Le couple sino-américain s'est imposé en activant une alliance avant tout défensive.
Par-delà l'enjeu environnemental, Copenhague a agi comme un saisissant révélateur de la nouvelle mappemonde géopolitique. Dans la tension des dernières heures de la conférence, la «diplomatie climatique» a souligné les nouveaux rapports de force mondiaux et mis en lumière les puissances dominantes.
Premier constat : le couple sino-américain, déjà opératoire pendant la crise financière, est devenu incontournable. Informel, déséquilibré, controversé à juste titre, le G2 prend de la consistance mais sur le mode d'une alliance défensive. C'est la convergence d'intérêt entre la Chine et les États-Unis qui a finalement déterminé l'issue de la conférence, «sauvant» un accord mais le ramenant à la ligne d'étiage que ni l'une ni les autres ne souhaitaient franchir. Le négociateur chinois Xie Zhenhua n'a pas dit autre chose en concluant que Pékin et Washington avaient réussi à préserver l'essentiel : «pour nous, a-t-il expliqué, c'était notre souveraineté et notre intérêt national». Un diplomate occidental s'interroge : «Dans la vie internationale, la Chine est passée du mythe à la réalité, elle est désormais active, relève-t-il. Mais est-elle pour autant plus consciente de ses responsabilités de grande puissance ?»
L'Europe impuissante
Quant à Barack Obama, il a choisi l'option la plus susceptible de lui épargner les foudres du Congrès, se gardant de toute initiative, et négligeant ostensiblement l'appel de ses alliés transatlantiques à s'engager davantage.
Tel est précisément le deuxième constat qui s'impose après Copenhague : l'Europe est vertueuse mais impuissante. La «soft power» des Vingt-Sept n'a pas réussi à créer la dynamique qui aurait pu mener à un accord «ambitieux», comme le souhaitaient Nicolas Sarkozy et Gordon Brown. «L'Union européenne a été en pointe avec l'adoption de son “paquet énergie climat”, il y a un an, mais ensuite, elle a perdu la main», déplore un négociateur français. Certes, à Paris comme dans d'autres capitales européennes, on a bien pris en compte la montée en puissance des grands émergents, autre facteur clé du monde nouveau, par exemple cherchant à «arrimer» le Brésil. Mais «avec l'Inde, on aurait dû négocier en mettant sur la table les transferts de technologie qu'elle réclamait», regrette un observateur. C'est aussi qu'en dépit de l'affichage officiel, l'UE ne présente pas un front uni. Certains pays membres dont l'économie demeure très «carbonée», comme l'Allemagne ou la Pologne, ont été moins allants. D'autres, comme le Danemark, qui présidait la conférence, ont été jugés trop «pro américain», cristallisant l'antagonisme des pays en développement.

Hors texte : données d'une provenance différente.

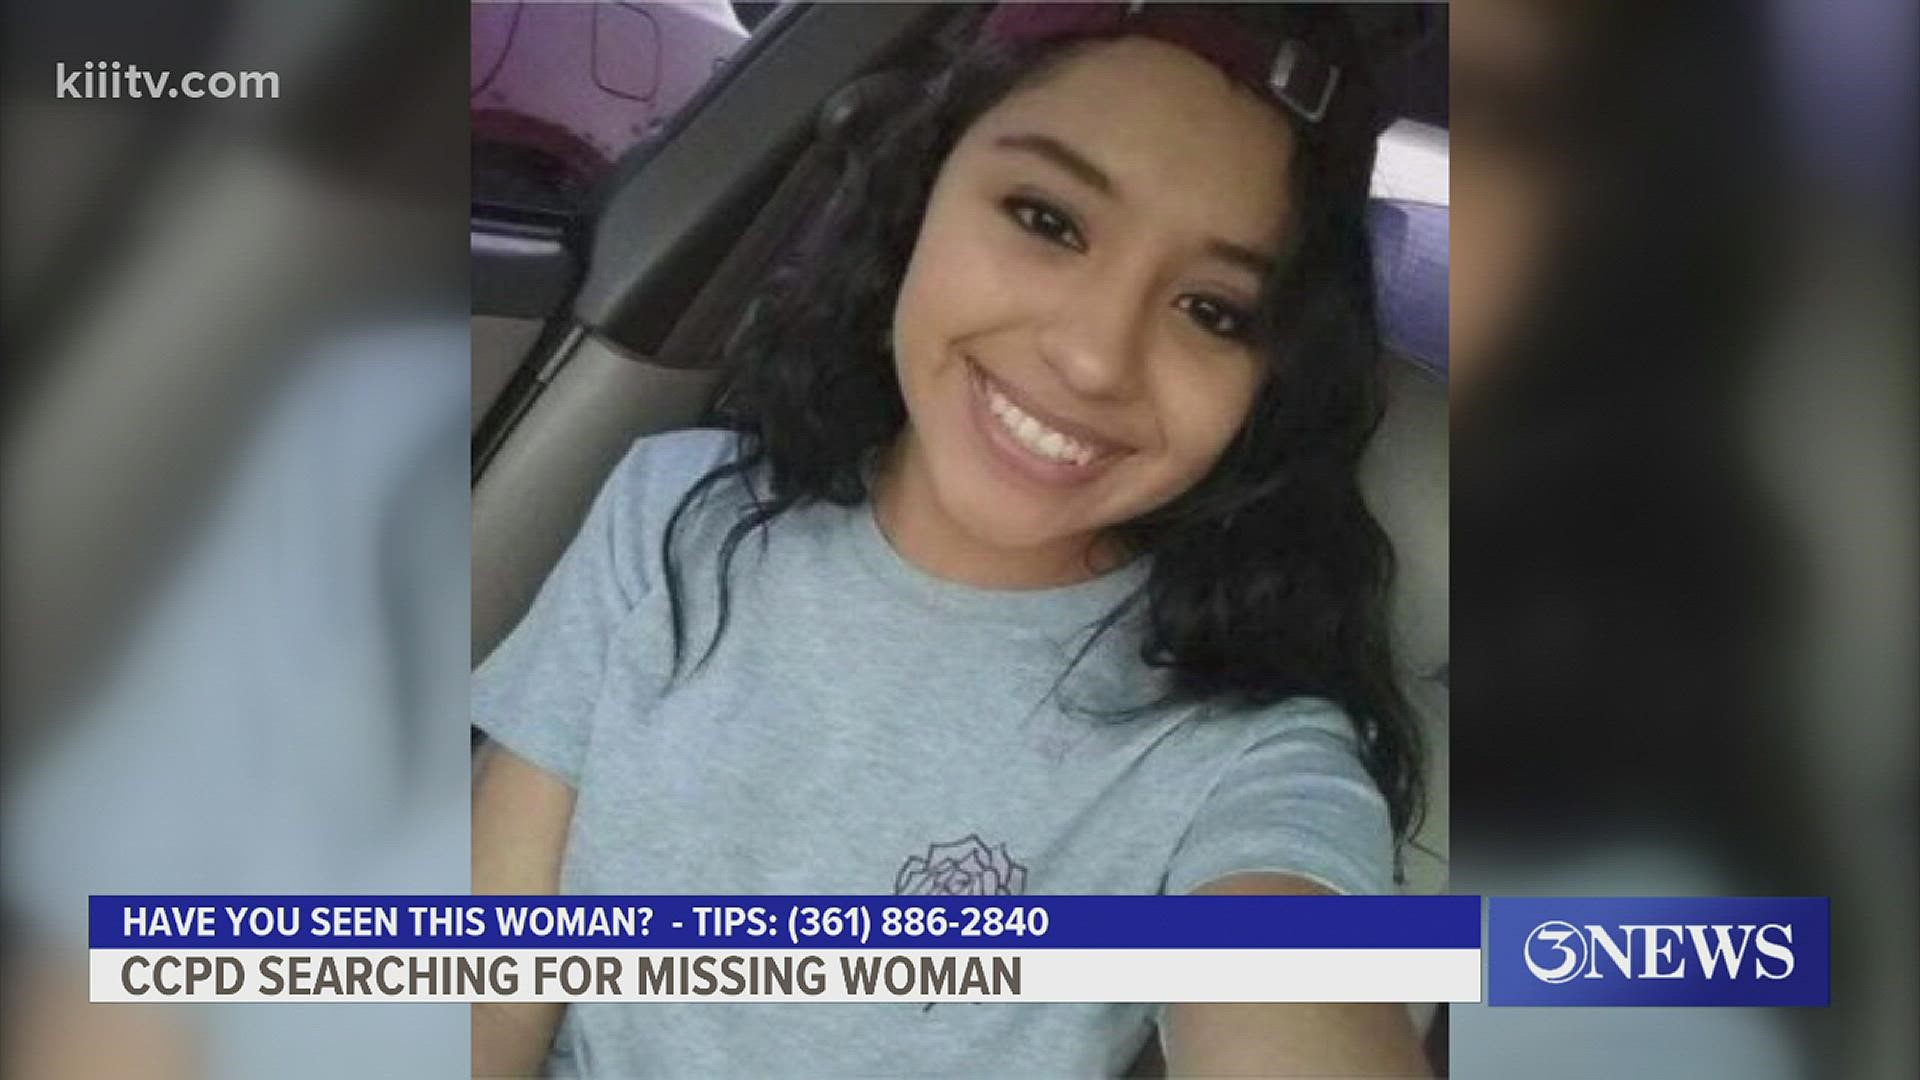 21-year-old Leticia Franco was reported missing on May 09, 2022 by family members.

Car voici le troisième constat : les pays les plus pauvres, l'Afrique notamment, sont apparus plus divisés et déboussolés que jamais. D'autres clivages se surimposent désormais au traditionnel face à face Nord-Sud. Certes, le vieux G77 (130 pays en réalité), agité en sous main par la Chine comme un agent antioccidental, a retrouvé des couleurs à Copenhague. Mais ce groupe hétéroclite qui comprend à la fois Singapour et le Soudan a montré une nouvelle fois qu'il n'était fort que de son pouvoir de nuisance. Une partie des Africains lui a fait allégeance. D'autres, derrière le premier ministre éthiopien Meles Zenawi, ont cherché à se rapprocher des Européens pour obtenir la manne financière la plus élevée possible. Au final, l'Afrique n'a reçu que des promesses. Elle n'est même pas assurée de recevoir 40 % de cette aide, comme le réclamait la France.
Un quatrième constat s'impose donc : la nécessité d'une nouvelle gouvernance mondiale. Le quasi-échec de Copenhague a souligné en effet les limites d'un système onusien «à bout de souffle». La formule des «G», employée contre la crise économique, réutilisée à Copenhague (un «G28» a été réuni dans l'urgence, jeudi soir) a sans nul doute de l'avenir.